Er lag iets moederlijks in de manier waarop ze over Rolf sprak.

‘Werkt u al lang bij de firma?’ vroeg Laurie.

‘Na mijn schooltijd ben ik daar meteen in dienst getreden,’ vertelde Miss Jones trots. Later werd ik de privé-secretaresse van de oude Mr. Audley - de vader van de huidige Mr. Audley. En na diens dood werd ik... Ja, het is een beetje moeilijk om te omschrijven wat ik precies doe. Ik ben een soort duizendpoot, denk ik. Ik val in, waar dat nodig is.’ Ze glimlachte, toen Laurie de deur voor haar open deed. ‘Het is zeer afwisselend werk. Dank u, Miss Stephens.’

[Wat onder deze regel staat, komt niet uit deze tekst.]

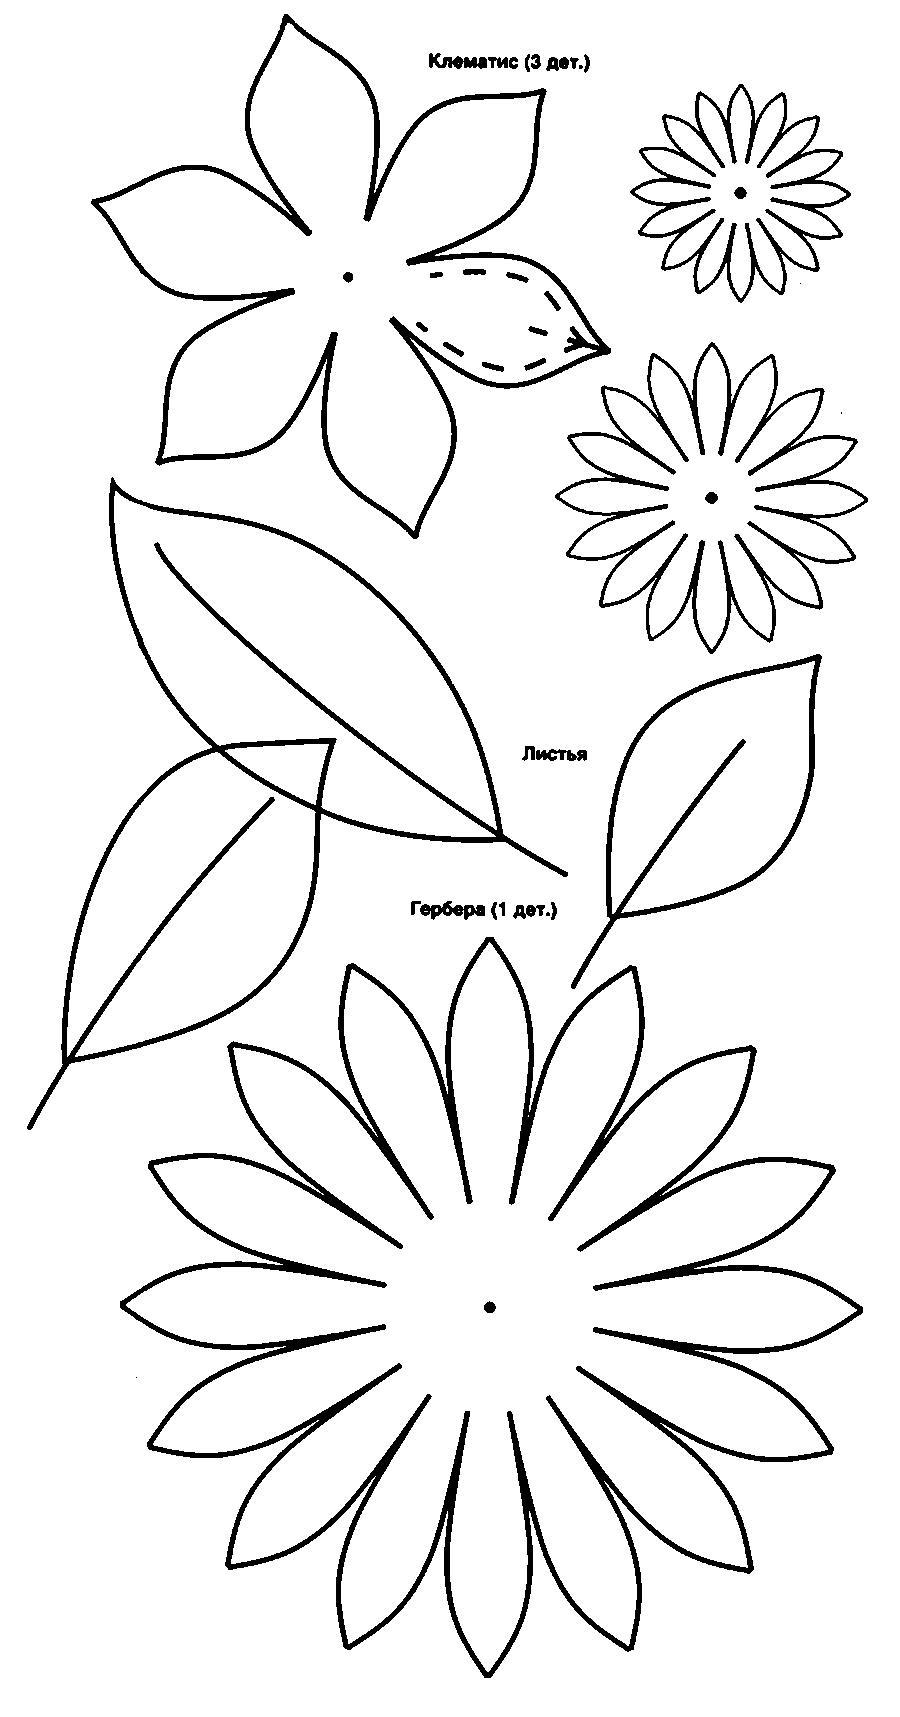 Розмальовки Квіти шаблони для вирізання шаблони квітів
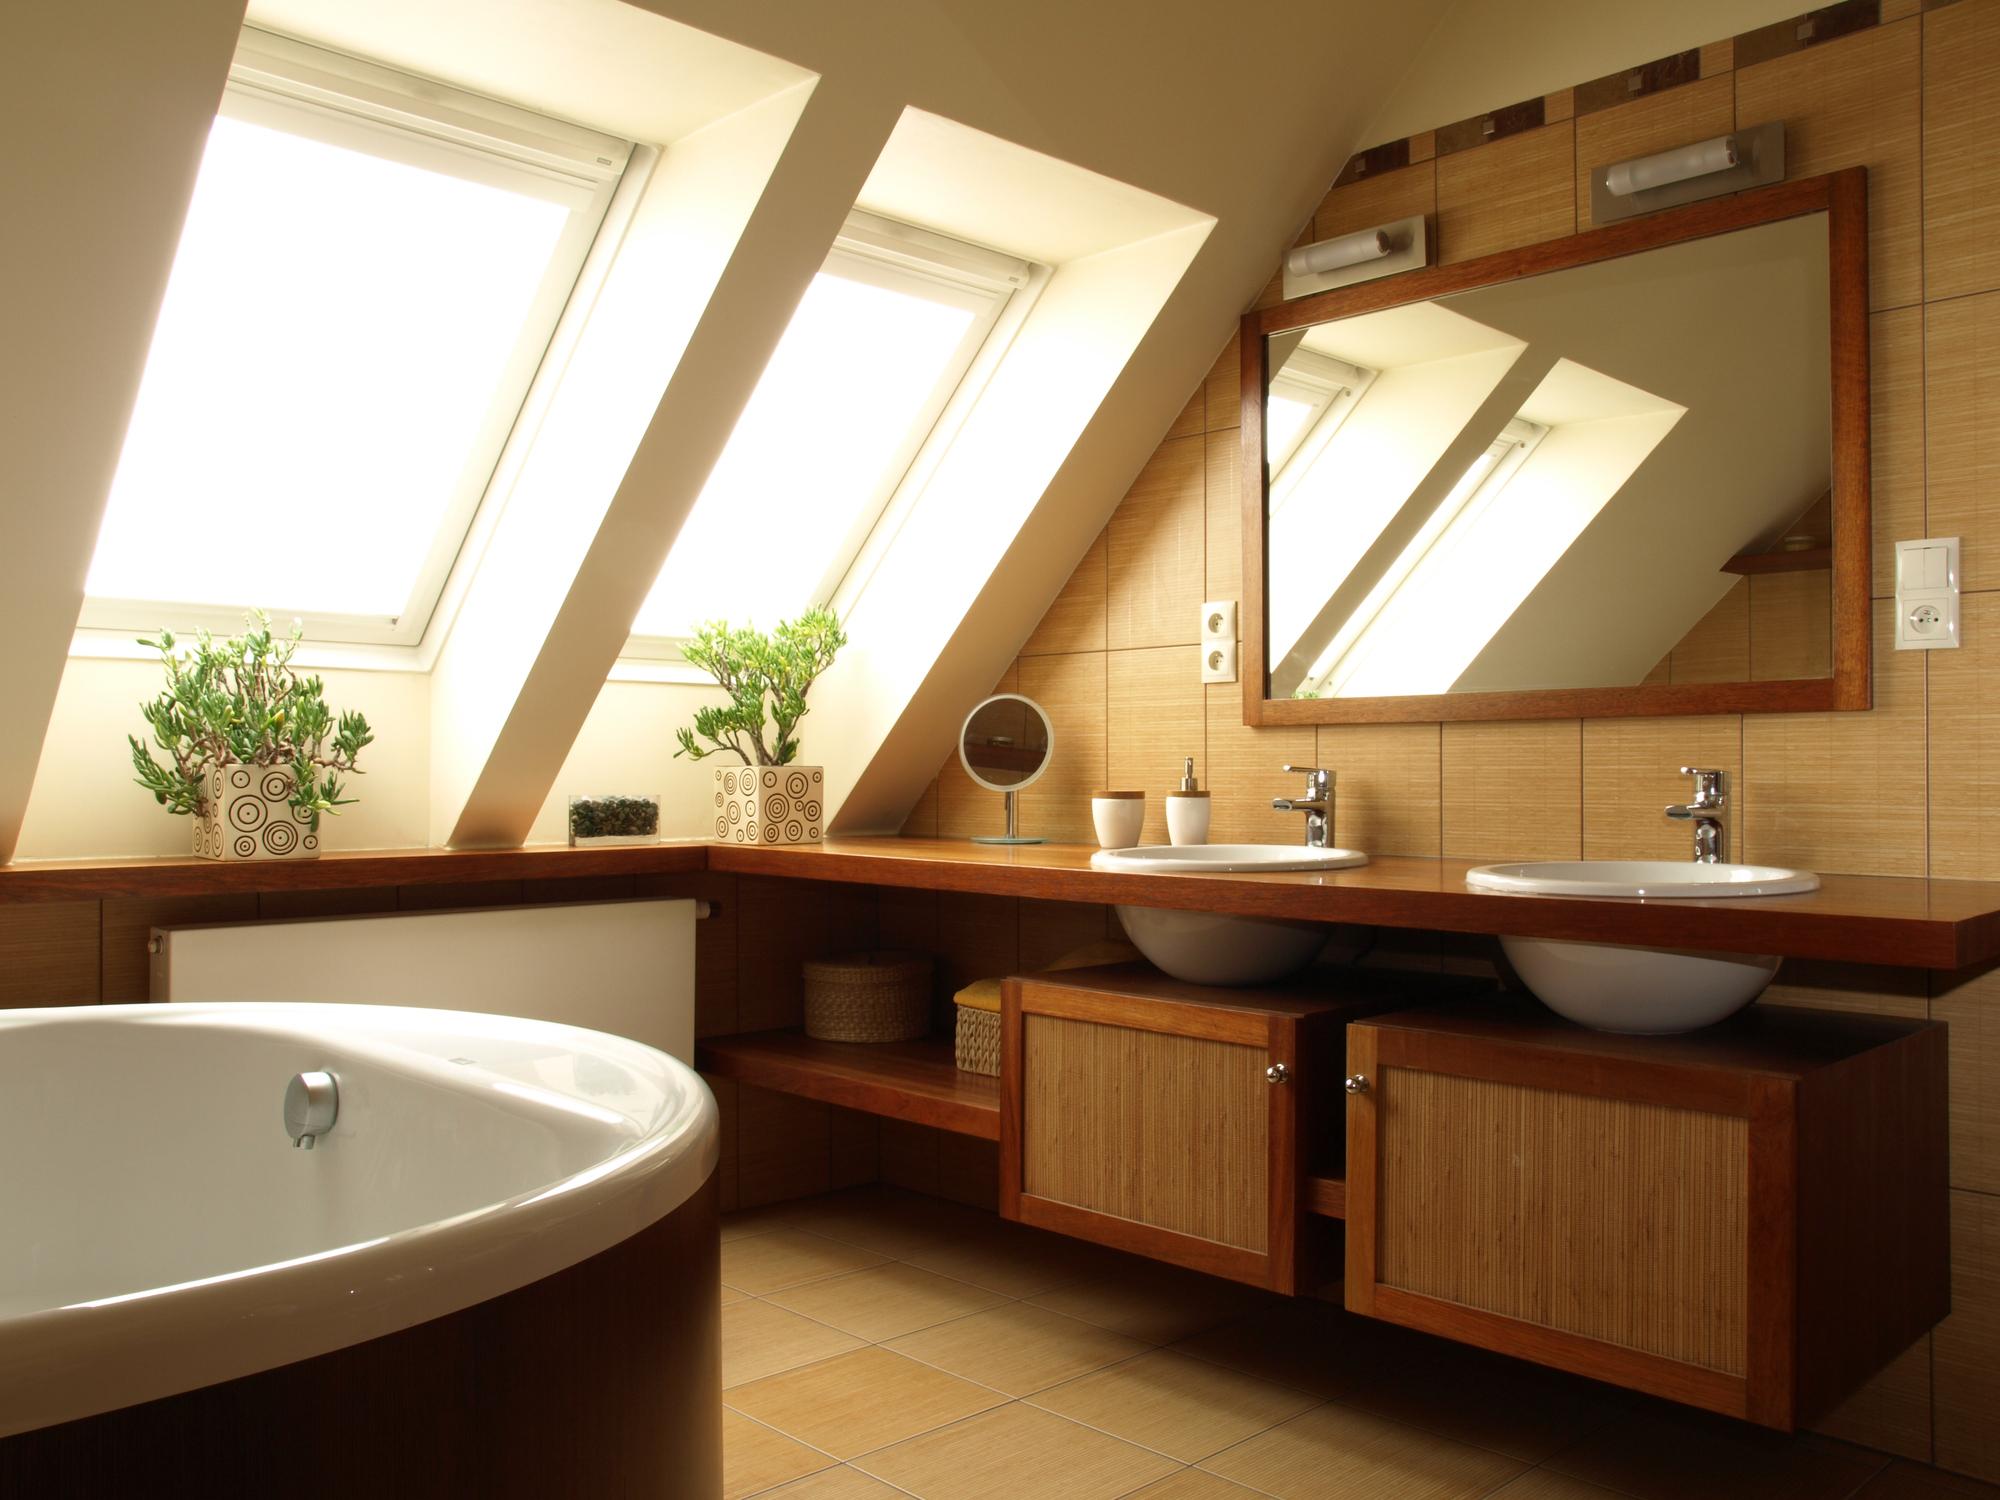 Idee per un nuovo bagno in mansarda - Idee per rivestire un bagno ...

Laurie ging naar de keuken en vertelde haar moeder, dat Miss Jones was gearriveerd. ‘Ze is erg aardig,’ zei ze voldaan, ‘en ze schijnt nogal weg te lopen met Mr. Audley.’

‘Dat verwondert me niets,’ antwoordde Mrs. Stephens verwijtend. ‘Jij bent de enige die hem niet mag. En het is me een raadsel waarom niet.’

‘Ik zei het toch al, “intuïtie”,’ zei Laurie kortaf.

‘Ik hoop dat je er snel overheen komt,’ zei Mrs. Stephens, alsof het een geval van mazelen betrof. ‘Zou ze verliefd op Mr. Audley zijn?’

‘Dat denk ik niet,’ zei Laurie. ‘Ze is dik in de veertig, in de vijftig misschien wel. Dat moest haast wel, want ze is de privé-secretaresse van de oude Mr. Audley geweest.

‘Oh.’ Daar moest haar moeder even over nadenken. ‘Misschien was ze wel verliefd op zijn vader, en beschouwt ze Mr. Audley nog steeds zo’n beetje als haar zoon. Ik ben benieuwd,’ voegde ze er even later peinzend aan toe, ‘hoe Mr. Brownsell haar vindt. We moeten die twee met elkaar in contact proberen te brengen.’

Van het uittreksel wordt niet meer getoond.